Cinnamoyl-oxaborole amides: Synthesis and their in Vitro biological activity

Authors: GUMBO, MAUREEN - Rhodes University; BETECK, RICHARD - Rhodes University; MANDIZVO, TAWANDA - Rhodes University; SELDON, RONNET - University Of Cape Town; WARNER, DIGBY - University Of Cape Town; HOPPE, HEINRICH - Rhodes University; ISSACS, MICHELLE - Rhodes University; LAMING, DUSTIN - Rhodes University; Tam, Christina; Cheng, Luisa; LIU, NICOLE - University Of Cape Town; LAND, KIRKWOOD - University Of The Pacific; KHANYE, SETSHABA - Rhodes University

Submitted to: Molecules
Publication Type: Peer Reviewed Journal
Publication Acceptance Date: 8/7/2018
Publication Date: 8/15/2018
Citation: Gumbo, M., Beteck, R.M., Mandizvo, T., Seldon, R., Warner, D.F., Hoppe, H.C., Issacs, M., Laming, D., Tam, C.C., Cheng, L.W., Liu, N., Land, K.M., Khanye, S.D. 2018. Cinnamoyl-oxaborole amides: Synthesis and their in Vitro biological activity. Molecules. 23(8):2038. https://doi.org/10.3390/molecules23082038.
DOI: https://doi.org/10.3390/molecules23082038

Interpretive Summary: With the increase in drug resistant microorganisms, the discovery of new treatments against microbial diseases is imperative to maintaining human and animal health. In this study, we synthesized a novel set of amide-based compounds and tested them against three widespread microbial diseases­tuberculosis, malaria, and trichomoniasis. Our results identified several lead compounds against all three of the pathogens. We also tested these compounds against normal human cells and there were no observable effects. Given that new antibiotics often negatively impact normal flora of the patient, we also screened the entire set of new compounds on several known normal flora bacteria and observed no change in growth at the highest concentration tested. Taken together, this work shows that several of these compounds are selective for three different human pathogens; and demonstrate potential new leads for drug discovery against these three significant human and animal diseases.

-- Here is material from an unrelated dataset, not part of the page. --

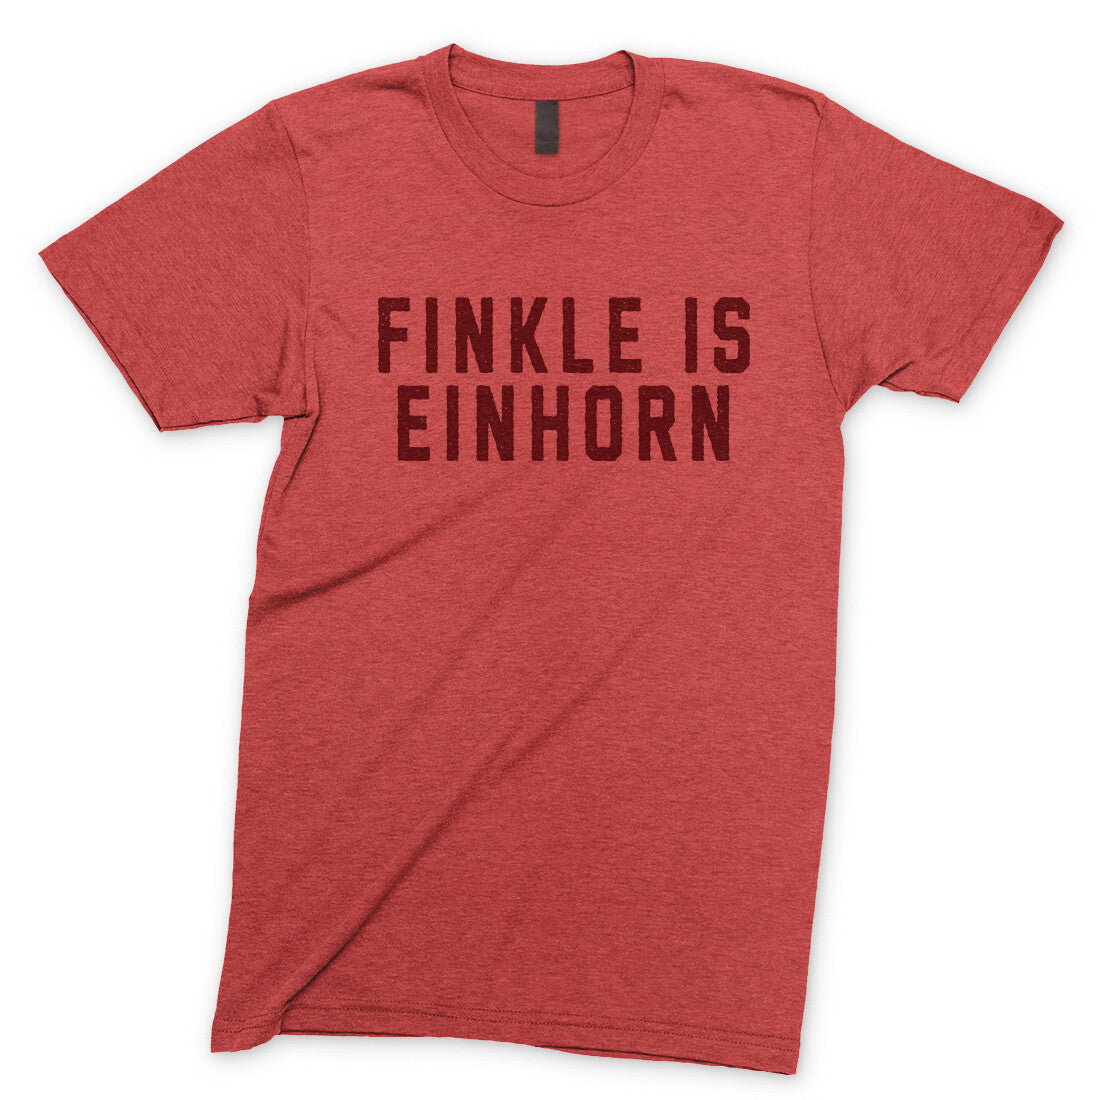 Finkle is Einhorn in Heather Red Color

Technical Abstract: Although chemotherapy is the sole option for the treatment of sleeping sickness, over the past forty years no new chemical agent has been registered to treat this disease; as such only four long discovered drugs are currently in clinics to treat the foregoing disease. These drugs have as major limitations; poor oral bioavailability and numerous serious toxic side effects, which necessitate the search for new drugs. Benzoxaborole is a new scaffold that has garnered considerable appraisal as an anti-parasitic agent that displays good pharmacokinetic properties and low toxicities. In this work, a set of novel benzoxaborole-cinnamic acid hybrids were synthesised and screened against T.b. brucei and HeLa cell lines for trypanocidal activity and cytotoxicity, respectively. Compound 3j emerged as a new hit with in vitro IC50 value of 0.052µM and a selectivity index '2500. These compounds were also cross-screened against several other human pathogens, including Mycobacterium tuberculosis, wherein some moderate activities were observed. Interestingly, these compounds also demonstrated moderate activity against the human protozoal pathogen Trichomonas vaginalis, with no observed effect on common microbiome bacterial species. The cross-species inhibitory activity presents the possibility of these compounds serving as broad-spectrum antibiotics for these prevalent three human pathogens.